Его работу признали успешной. Кроме того, Семену Михайловичу пришла на ум одна шкодливая мыслишка. В своем районе он пустил слух о том, что коммунистами, уверенными в своей победе, якобы уже подготовлены списки неугодных им людей. Провинившиеся разбиты на категории. Одни подлежат немедленному уничтожению, другие — ссылке в лагеря, третьей, самой многочисленной группе, предписывалась трудотерапия в свободное от основной работы время как лекарство от демократической заразы. И еще утверждалось, будто коммунисты намерены ввести сухой закон и любой человек, пойманный на улице в нетрезвом виде, тоже высылается в лагеря, а хозяева самогонных аппаратов будут расстреливаться на месте без суда и следствия. Этот бред, сочиненный Зудовым под влиянием книг о сталинских репрессиях, успешно пошел в массы. Коммунисты как могли от него открещивались и грозились подать на клеветника в суд. Только кто ж им поверит и где искать того самого клеветника? И соседи, встречаясь у подъезда, с улыбкой говорили:
— Повезло твоему, Владимировна, ему назначат всего-навсего исправительные работы.
— Да, повезло. А твой напрасно высовывался. В лучшем случае его сошлют в лагеря, а то и расстреляют.
Вроде пошутили, встретившись, однако на избирательных участках эти женщины подали голоса за демократов. Точнее — против коммунистов. На всякий случай. Может, и слухи, а может, правда, так зачем рисковать судьбами близких людей.

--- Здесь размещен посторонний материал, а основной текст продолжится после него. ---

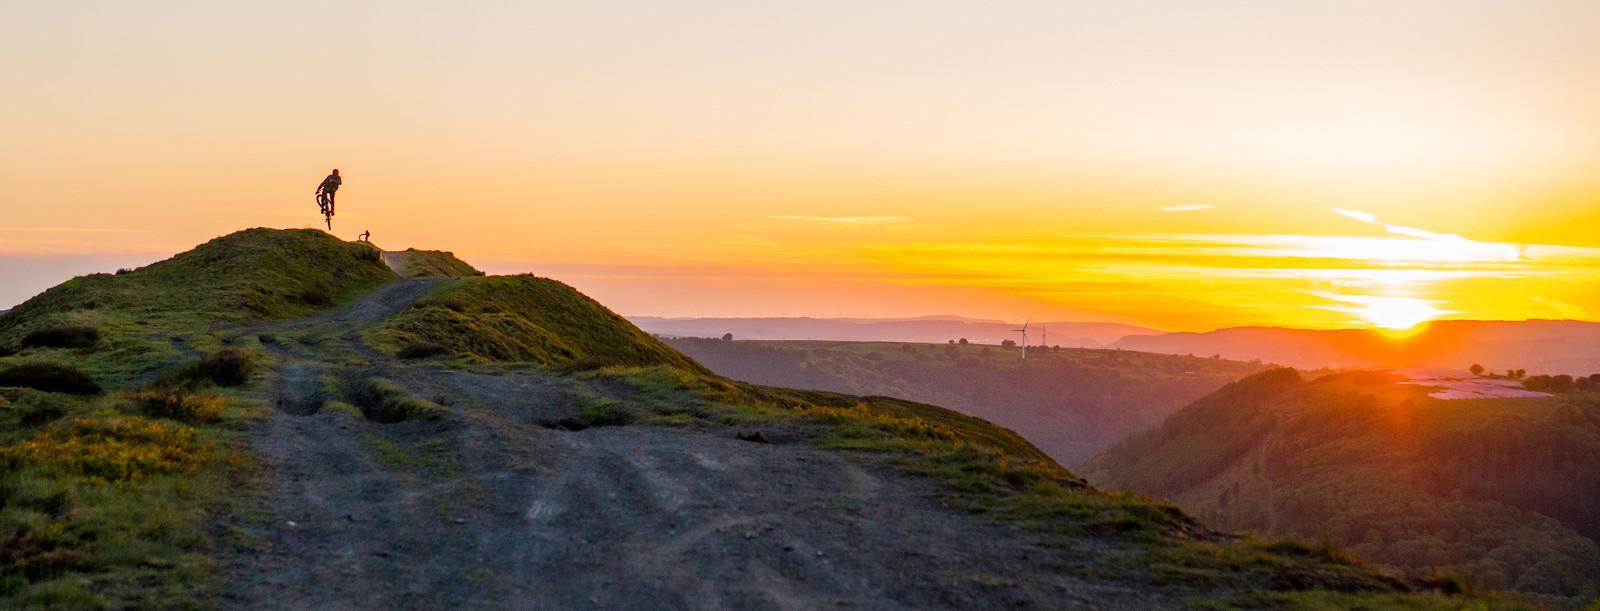 Sunset With Underdogs Cult - Matthew Davies - Mountain Biking Pictures - Vital MTB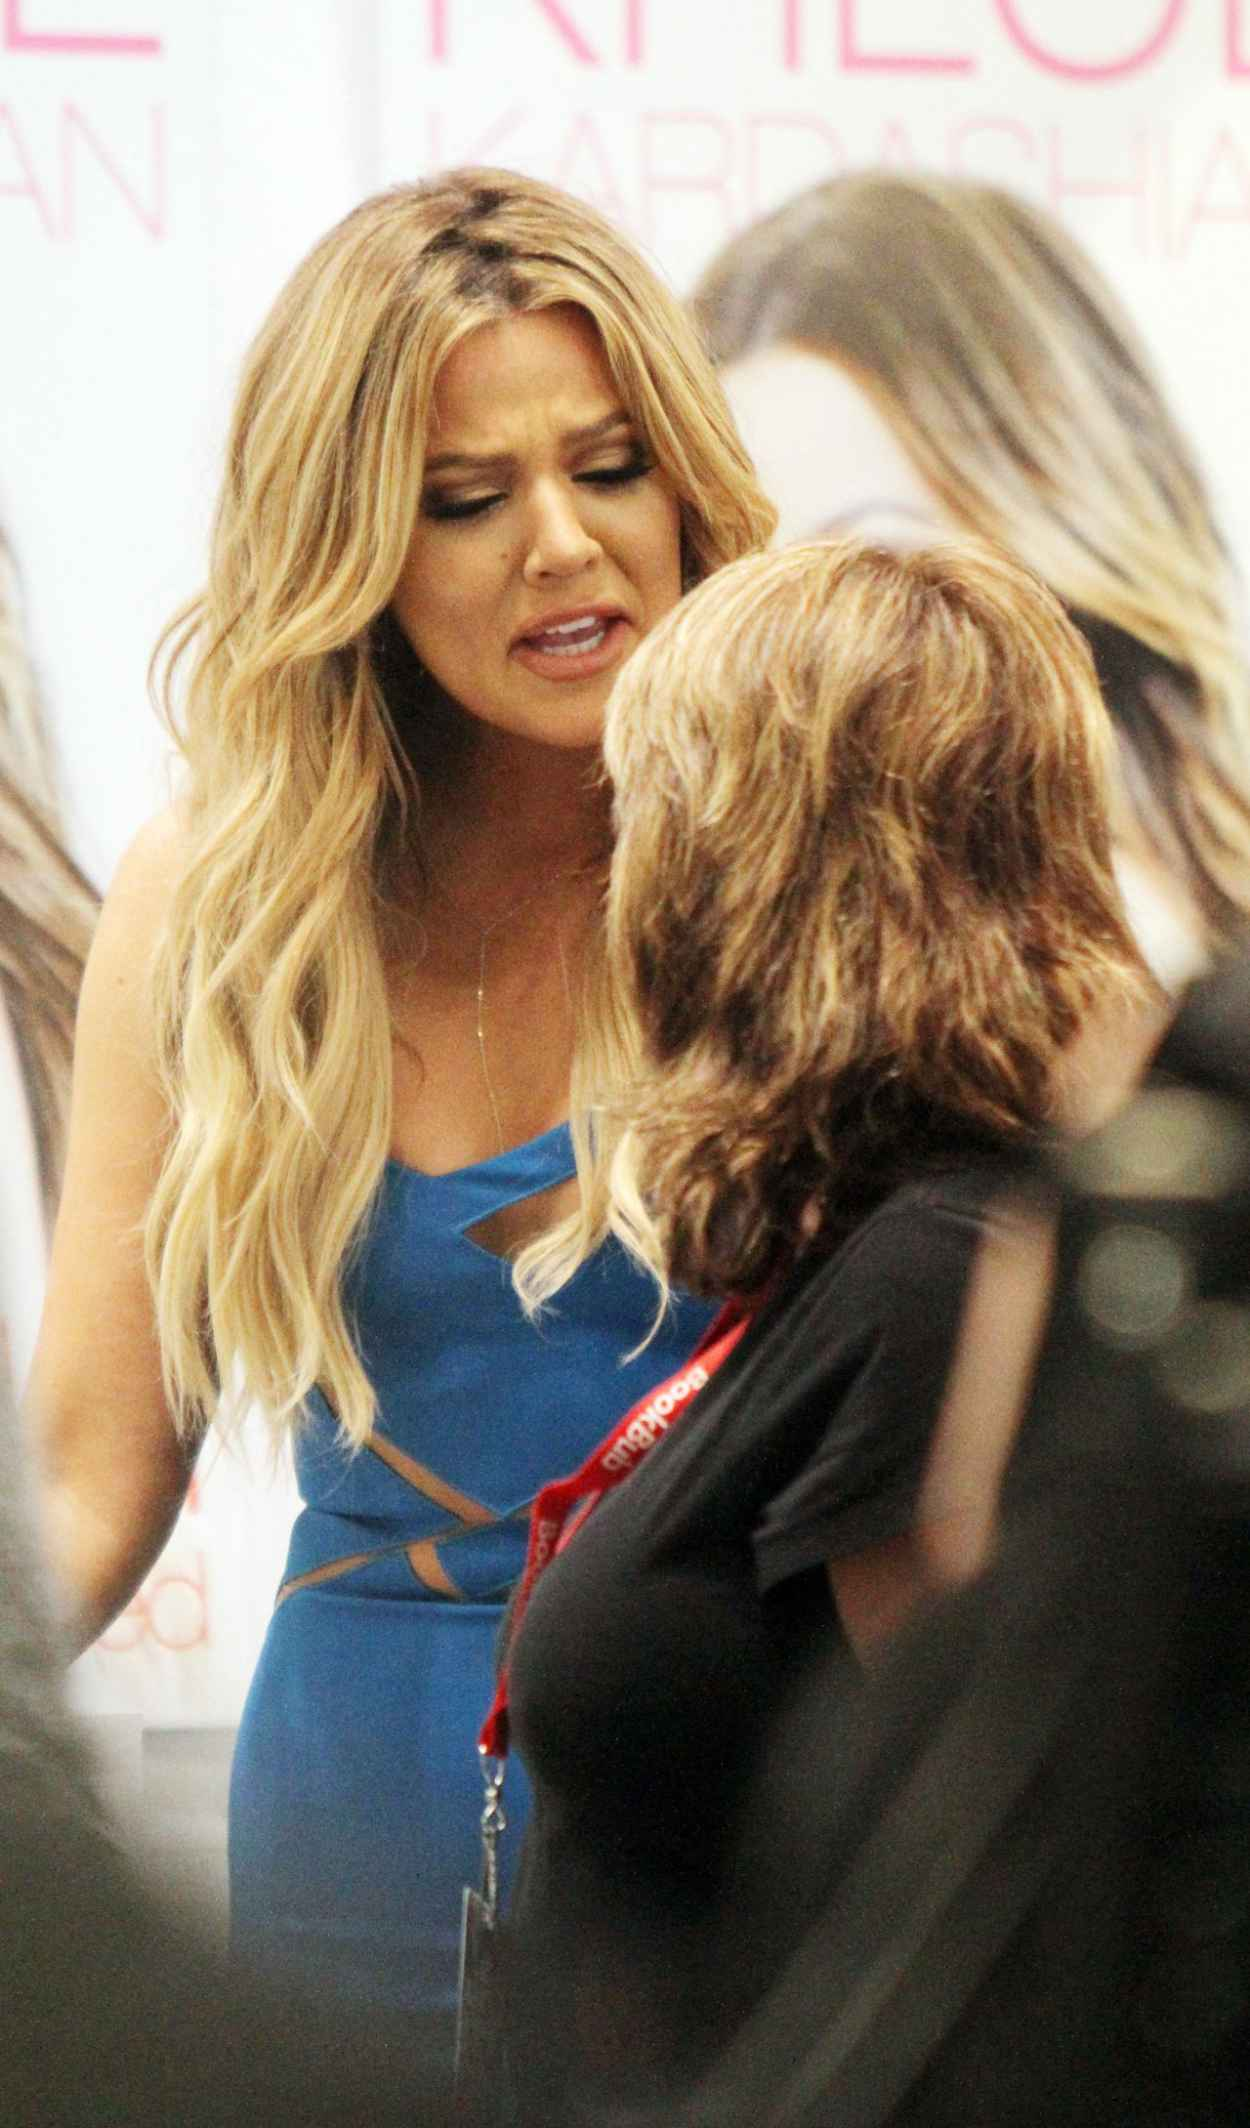 Khloe Kardashian - BookCon in New York City, May 2015-2

Победу отмечали широко, с размахом. Гуляли, подражая главному демократу, до помутнения мозгов. По ходу получали ценные подарки и даже медали, словно за выигрыш настоящего сражения. А когда протрезвели, увидели, что есть враг куда опаснее коммунистов, коварный и засасывающий, будто трясина. Назывался он нищетой подавляющей части населения. И как выбраться из этой трясины, никто точно не знал. Назывались десятки рецептов, но в большинстве своем они вызывали только недоумение. Топтание власти на перепутье, как известно, закончилось дефолтом. Зудов не успел его толком почувствовать. Он некоторое время пожинал плоды своей успешной деятельности, а затем пришло время отрезвления. Концертный тур и слух о грядущем коммунистическом терроре были расценены кем-то сверху как успешная идеологическая работа. И Семена Михайловича направили по этой линии. Уяснив свои перспективы, Зудов ужаснулся. Ну какой из него идеолог? У него даже нет соответствующего образования, теоретическая база нулевая. А главное, идеология — это слова без соответствующего материального фундамента. То есть крайне ограниченные возможности для роста личного благосостояния. Как человек, успевший заматереть на государственной службе, Семен Михайлович отлично это понимал. И развил лихорадочную деятельность, желая сменить фронт работы. В конце концов его бросили на дороги. То ли в наказание, то ли предоставив тихую гавань. Мол, с нашими дорогами за тысячу лет ничего не смогли сделать, и ты сиди не рыпайся. Мог ли тогда Зудов предположить, что его ткнули носом в настоящую золотую жилу.